As he trod wearily into Cologne, George told himself that at least from here he could find his way back to his father's and then his mother's home again.
But once in town, he again fell upon that last resort of the desperate traveler--the army recruitment officer. The regiment he joined was a ragged unit of deserters from the French army, university dropouts, and bewildered German farmboys. Most spent their off hours drunk or whoring, though George was little inclined to follow. But playing the unconverted heathen, he
delighted in twisting the few pious soldiers into logical knots as they tried to explain and defend the bizarre precepts of Christian religion.
One such fellow, hoping to convert his Japanese comrade, talked him into visiting a monk:
When we got to the monastery, we found the good old capuchin sitting on a bench ... with a lusty young woman kneeling before him, barking like a dog, and making a great many other antick noises and postures; upon which I was told that she was possessed, and that the good father was exorcising an evil spirit out of her.
George did not convert that day.
His regiment staggered into the winter underfed, underclothed, and with scarcely a freezing pallet to sleep on. George could barely keep up, and finally the captain of the regiment recommended him for discharge. But once he got his papers, he also got a nasty shock: they wanted his uniform back.
George stripped down and shivered--at which point he discovered that the captain had sold off the civilian clothes that he was to have held for discharge. George was turned out into the cold with nothing but a blue linen frock to wear, the bare soles of his feet numb against the frozen soil. Though he would have scarcely believed it as he walked away from the garrison, half naked in the freezing air, his discharge was lucky. Many of his comrades died of exposure and disease later that winter.

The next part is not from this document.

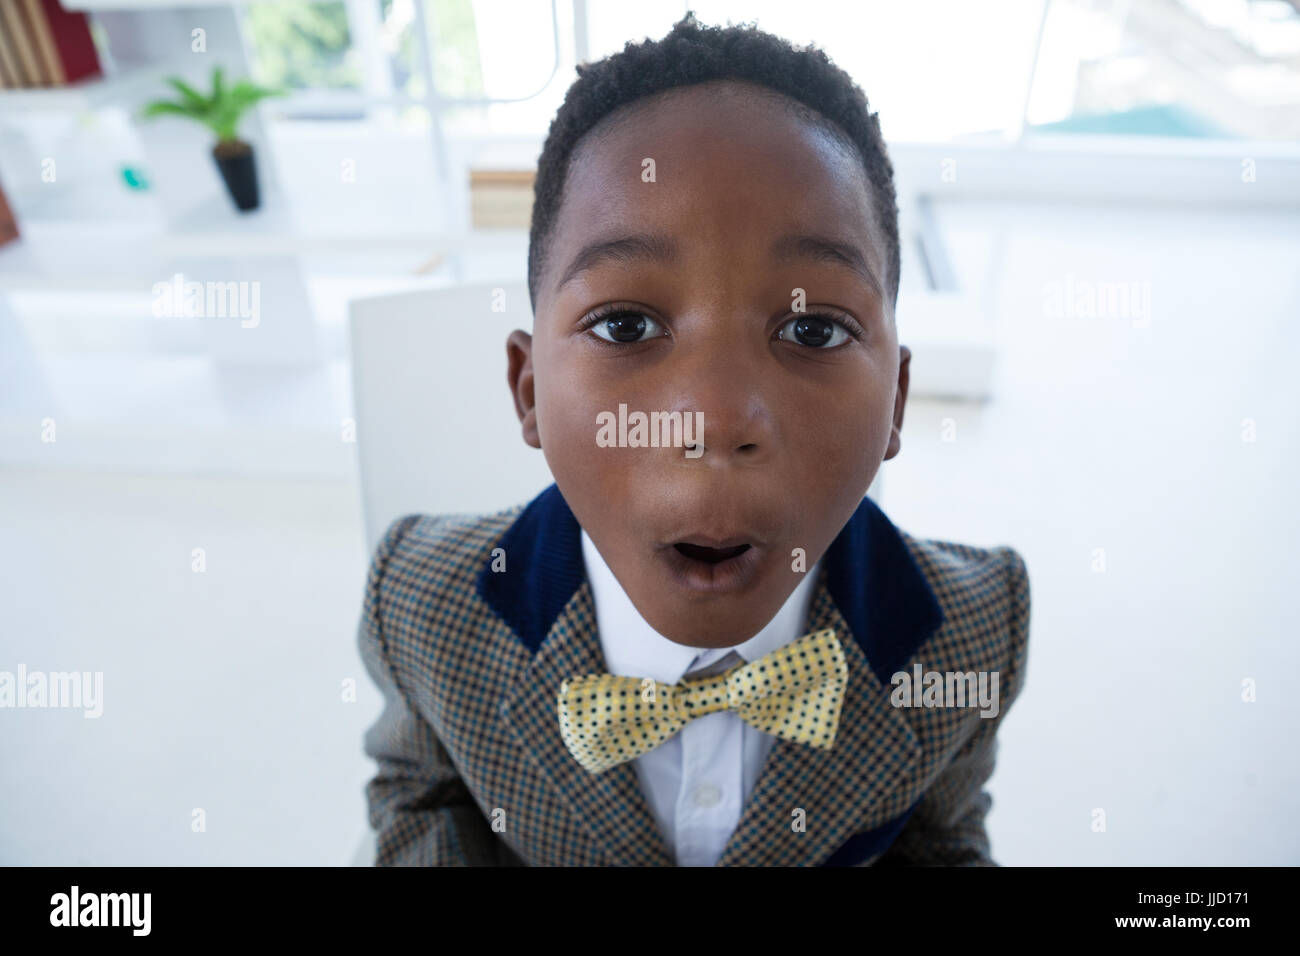 Close up portrait of boy imitating as businessman in office Stock Photo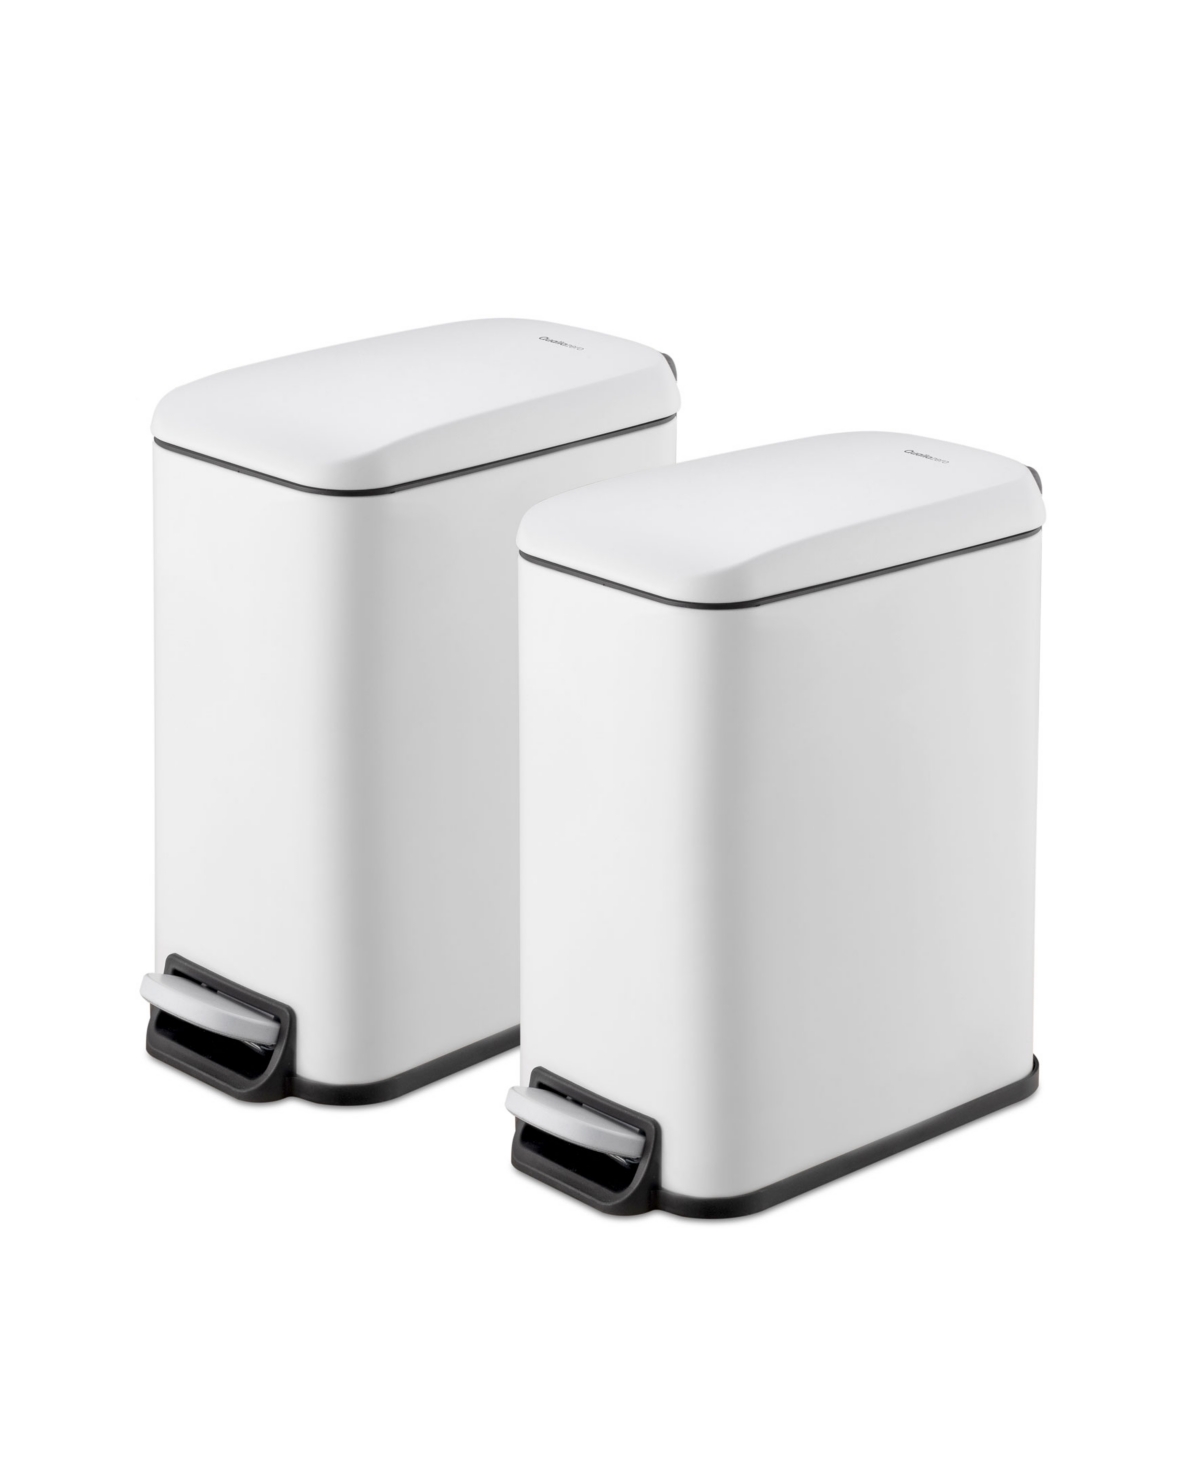 Qualiazero Two 1.3 Gallon Slim Step On Trash Can Set, 2 Pieces, Twin Pack In Matte White

Begging for clothes and food, George made his way back to Cologne again, where another officer took pity on the forlorn boy.
--What is your name? he asked the ragged pilgrim.
George thought carefully.
--Psalmanazar, he finally answered.
The officer personally recruited him into his regiment, and that spring they were deployed in Holland. With his new name, Psalmanazar took on a whole new vitality in creating himself anew as a Japanese. His favorite ploy was showing up at the regimental Sunday services to distract the Christians: I would turn my back to them, and turning my face to the rising or setting sun, to make some awkward shew of worship, or praying to it ... I made me a little book with figures of the sun, moon and stars, and other such imagery as my phrensy suggested to me, and filled the rest with a kind of gibberish prose and verse, and which I muttered or chanted as often as the humour took me.
His strange antics caught the attention of the regimental commander, Brigadier George Lauder, who invited him to dine with him one evening late in February 1703--an unheard-of honor for a foot soldier. George arrived to find several other officers and regimental officials with Lauder, including the chaplain, a Scotsman named Alexander Innes. As George dined hungrily on officers' fare, and suffered the droning speeches of the regiment's staff, he felt Innes, who was quieter and a little more friendly than the rest, observing him across the table.